School: Withington Girls’ School

International rowing record: n/a

Year you first started rowing: 2011

How have you coped this year?

There’s been a lot of talk about enjoying the process and I really have, even though it has also been a tough season. I’ve tried not to expect this year to follow the normal pattern, such as expecting to go on training camp, and I think that has helped me to just enjoy what we have been able to do. Although we have only rowed at Ely this year, and only with each other, we’ve been able to make some days feel like events. For example, just before the November lockdown we raced each other in eights and there was such a good atmosphere, it didn’t just feel the same as another day of training. I think there have been some really special days, and this has made up for any uncertainty, because I don’t feel like we have missed out.

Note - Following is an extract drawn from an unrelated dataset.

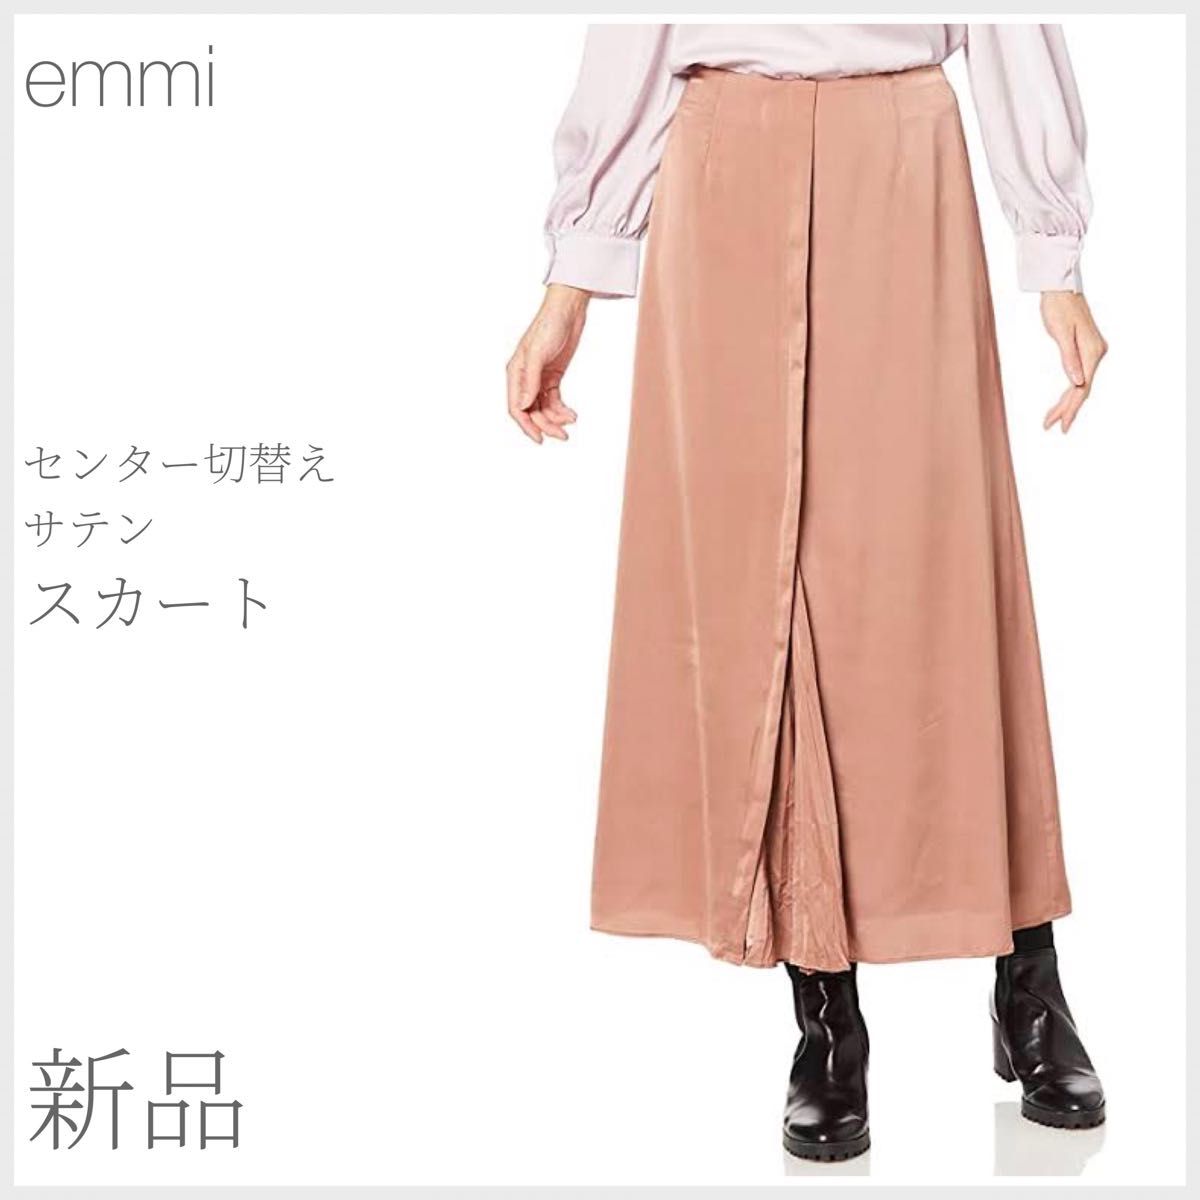 新品 センター切替えサテンスカート emmi atelier エミアトリエ (2130

Could you build a strong team culture while training virtually?

I think we have been able to build a strong team culture by not only catching up regularly but by doing lots of different activities. BDell set up a virtual writing group to help everybody get their degrees done, which has been really good because there seems to always be someone online to work with. The Freshers also ran a really fun quiz, and the social secs have organised a virtual film night, virtual crosswords, etc. And Sophie has been organising for alumni to chat with us which has been really nice as well. I think we’re pretty close as a squad, we’ve stayed connected outside of training.

Were the isolated ergs better or worse than expected?

I used to train a lot on my own so going into lockdown I thought I’d be fine. But we were on such a high during the couple of weeks that we got on the water in the lead up to Trial VIIIs, so I found it quite hard to go back to training alone again. In the end it has just been a case of getting through the training the best I could on each day.

What was your lockdown training set up?

At home my rowing machine and some weights are squished in the garage. It’s a bit of a tight squeeze with all the other clutter, but it works. I tried to keep changing the scene by flipping the erg around to face a different wall, or when the weather was nice I’d take it outside (although we got a lot of snow so this didn’t happen that often). There’s a weights bar and some discs that live under the erg, so whenever it was time for S&C I had to do a bit of reconfiguring to create enough room to be able to lift. It was nice to get out for a cycle or a run every now and then to get away from being stuck training in one room.

How do you cope with race day nerves?

I tend to try to distract myself, find other things to think about, or do something else relaxing in the morning if the race is later in the day. I go into race mode for the pre-paddle but around this I don’t want to overthink the race too much. And then a bit before we boat for the race I’ll start to focus, but I’ll try to make sure I’m not thinking about nerves, instead concentrating on things that give me confidence.

The biggest challenge?

During January and February, I found it hard to keep a routine. We had coached ergs which helped to give some structure, but a chunk of the training I could do at any time and a lot of the work for my degree wasn’t scheduled either. I had to try hard to make sure I had a routine so that I could designate time for rowing, time for work and time for relaxing.

The toughest session?

It’s not what people think of as a tough session, but I find circuits hard. Normally it is not a problem, but because we can’t go to the gym to lift weights at the moment there has suddenly been a lot of bodyweight conditioning circuits. After doing all the jumping around, by the time the core exercises start, I’m tempted to just lie on the floor.

The best day, so far?

Despite the limited time on the water there have been a lot. Before Christmas there were some absolutely gorgeous days, perfectly still and sunny with just a little fog, that made rowing the dream.

Only the Blue Boat races on the 4th April 2021: What’s it like splitting the squad?

It was tough when we got told. Those of us who could row were excited, but we just felt terrible for the remainder of the squad who couldn’t. But I’ve had some lovely messages from the other squad members saying to enjoy being back on the water, and it means a lot to have their support. I think it will be hard again when the 12+2 get cut down to 8+1, because no-one wants to be one of the ones who misses out, especially with no reserve race on the 4th.

Is it strange to train without the reserve eight?

Yes, it’s odd not to have the whole squad around, especially given how much we bounce off each other. And it’s strange not to have the lightweights around either; Ely feels pretty empty. But we’ve been able to knuckle down and get some really good sessions in.

How did it feel getting back on the water?

It’s really good, particularly because of lockdown, to be able to go somewhere and see people was so nice and I feel very lucky.

Why do you want to beat Oxford?

I’ve been following the Boat Race for years since I started rowing as a junior, and always dreamed of taking part. It has felt like a long time coming, particularly having missed out last year, and I feel like I’ve made a big step this year so I want to show what I can do. Also, the support that we’ve had from the rest of the squad, the lightweights and the alumni makes me want to win for them.

“It’s odd not to have the whole squad around, especially given how much we bounce off each other. And it’s strange not to have the lightweights around either; Ely feels pretty empty.”